I think if you get a doe tag as your first choice in the first lottery you have to use it in the season its for. But if you get a doe tag outside of the first lottery then you can use it with any legal weapon in any legal season. Call G&F for their explanation.


----------



## Nick Roehl (Mar 7, 2002)

I thought if you got extra doe tags, after the 1st and 2nd drawing, you can shoot them any time with your bow as long as you are in the unit the tag calls for. I didn't get any extras this year.


----------



## buckseye (Dec 8, 2003)

Wingmaster said:


> I thought if you got extra doe tags, after the 1st and 2nd drawing, you can shoot them any time with your bow as long as you are in the unit the tag calls for.

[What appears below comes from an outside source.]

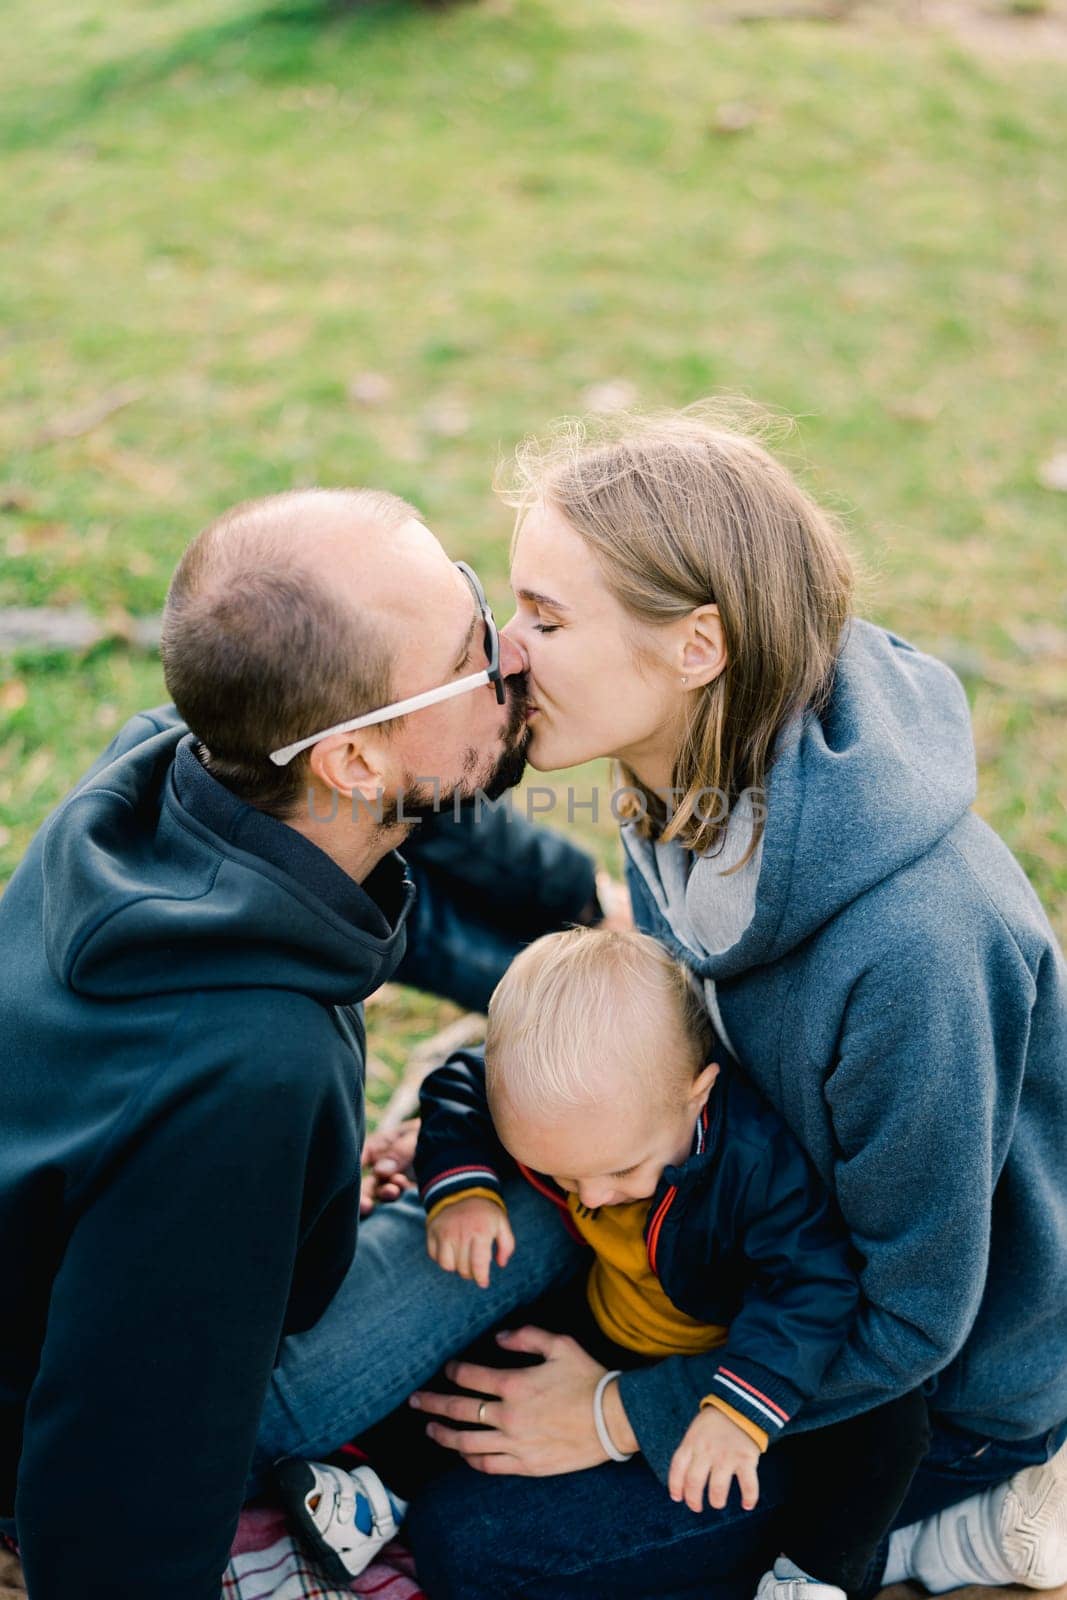 Dad kisses mom with a little boy on her lap while sitting on a green lawn. High quality photo

I didn't get any extras this year.


Correct. And you can shoot them with a muzzle loader in muzzy season etc...


----------



## duckslyr (Nov 27, 2008)

"The extra doe tags can be used during the bow season staying in the unit the tag was issued and there is no restriction on how many a person can buy."

This came directly from fish and game so now i know. thanks for the help everybody.


----------



## Norm70 (Aug 26, 2005)

i am pretty sure you technically shoot 2 bucks with a bow 1 with your archery tag and if you get a buck tag in the lottery you can use any legal weapon to shoot that buck too. i would check on that as i am not 100% sure. i think you are restricted to the unit you drew.


----------